Now, it appears from the admitted facts in this case that the questions arising upon the defendant’s application to enter the land as a homestead, and upon a claim of the Northern Pacific Railroad Company that it was entitled to the land by virtue of its grant, were pending and undetermined in the land department from 1887 to 1898, and, if it had jurisdiction to hear and determine them, it necessarily follows that during that time the courts were without right to hear and determine the questions, and that such time is not to be counted against the plaintiff in determining whether the statute of limitations has barred its right to its land. The defendant, however, claims that the land department had no jurisdiction to hear and determine any questions as to the title of the land, because when the defendant initiated his contest therein upon his claim that the land was public land, and subject to his proposed homestead entry, the title had in fact already passed from the United States to the plaintiff by virtue of the land grant in question; that such grant was one in prsesenti; that the filing of the map of definite location was the source as well as the evidence of plaintiff’s title, and that it then became complete, and the issuing of a patent for the land thereafter would be in the nature of a ■conveyance for further assurance, but in no sense essential to the legal title already vested; that, if the department had patented the land to the defendant on his contest and homestead claim, the ■courts would have held the patent void.

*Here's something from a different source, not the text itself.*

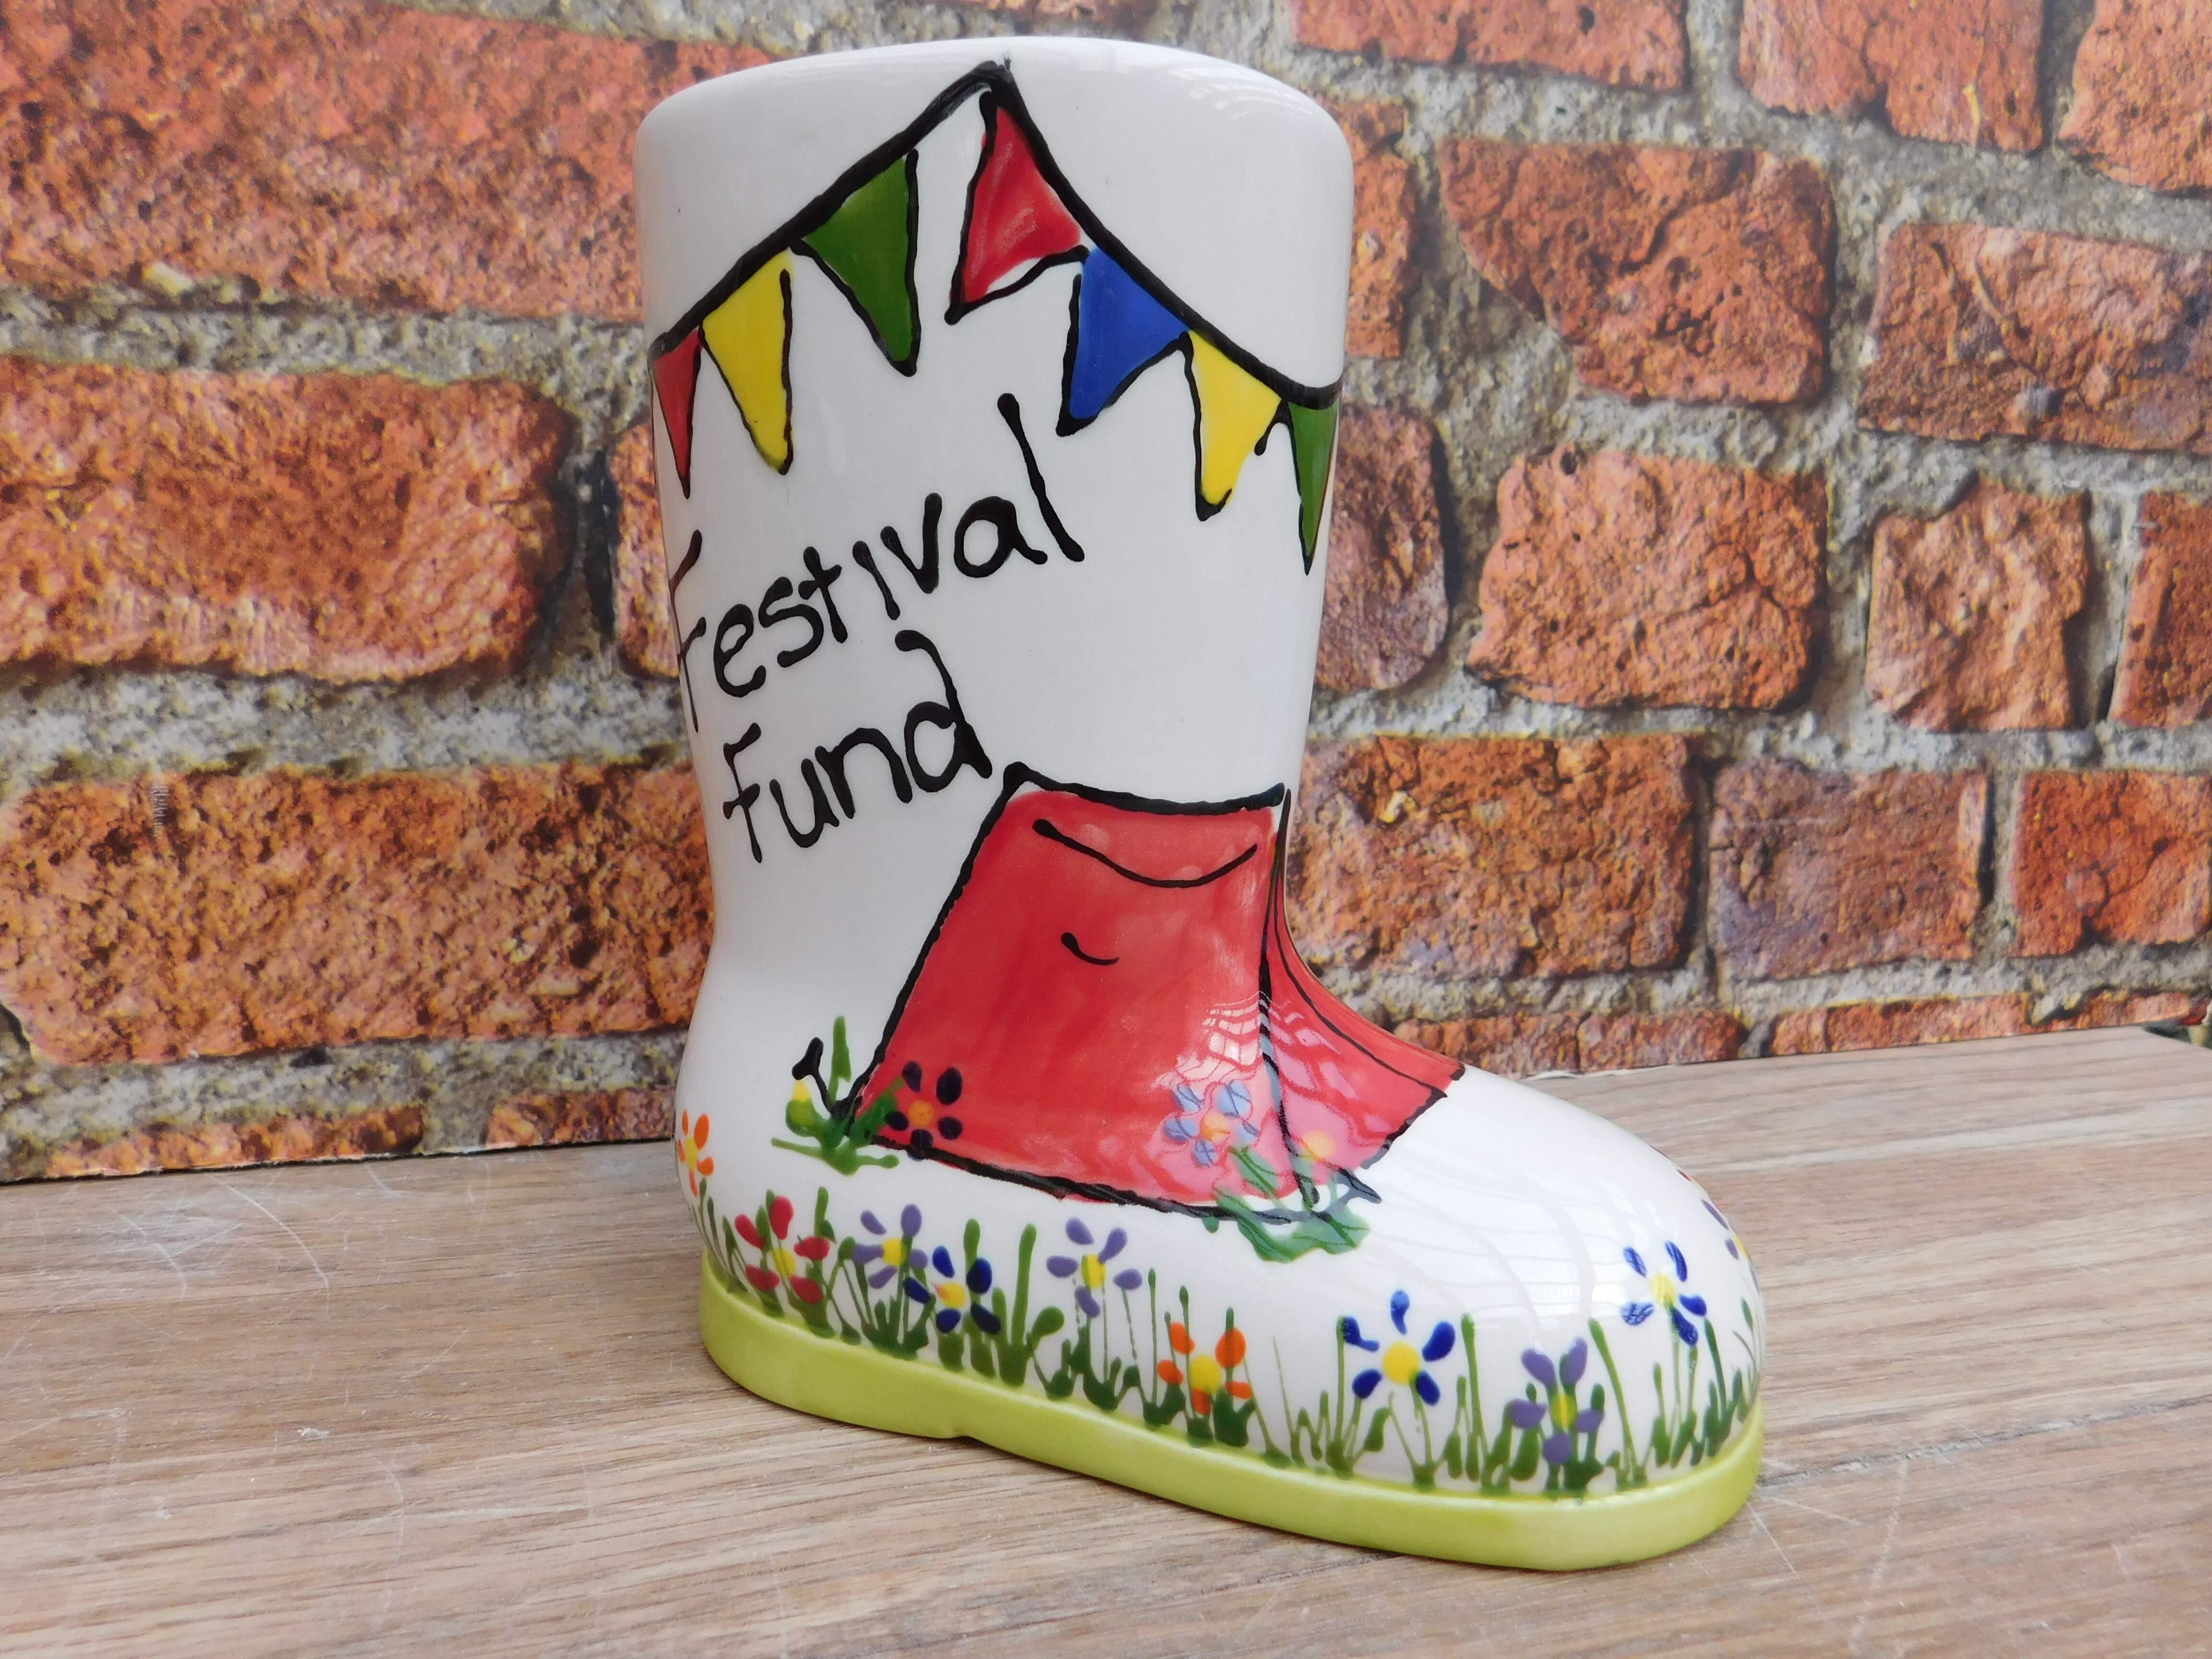 Festival Fund

If there was any fair doubt as to the correctness of this conclusion, the doubt ought to be resolved against the defendant, for the claim he here makes is inequitable. He asserted by his homestead application that the land was public land, and within the-jurisdiction of the land department, which he invoked; and by successive appeals he thereby compelled the plaintiff to litigate in the land department, with him, his claim, for eleven years. We-therefore hold that the time during which the question of the title-to the land was pending and undetermined in the land department cannot be counted against the plaintiff in determining whether the statute of limitation has barred its right to recover its land,,
Order affirmed.
Dissenting Opinion
(dissenting).
It seems to me the majority give entirely too much effect to the proceedings in the government land department on defendant’s application to make homestead entry of the land in question. Such proceedings were not brought to determine plaintiff’s title, —its title had already vested, — but to determine the asserted homestead right of defendant. Under what statute or principle of law does such a proceeding suspend the running of the statute of limitations as to plaintiff’s right to bring ejectment for the land, to which the majority must concede it had title? Suppose the maker of a promissory note should bring an action to cancel the same for fraud, or to recover possession thereof on the ground that it was never delivered, would the pendency of such an action suspend the holder’s right of action on the note? Clearly not. Notwithstanding such an action were brought, the statute of limitations would continue to run against the owner of the note, and his right of action would be barred after the lapse of the statutory period of six years. Yet this decision establishes a rule to the contrary. I am unable to concur in that view of the law.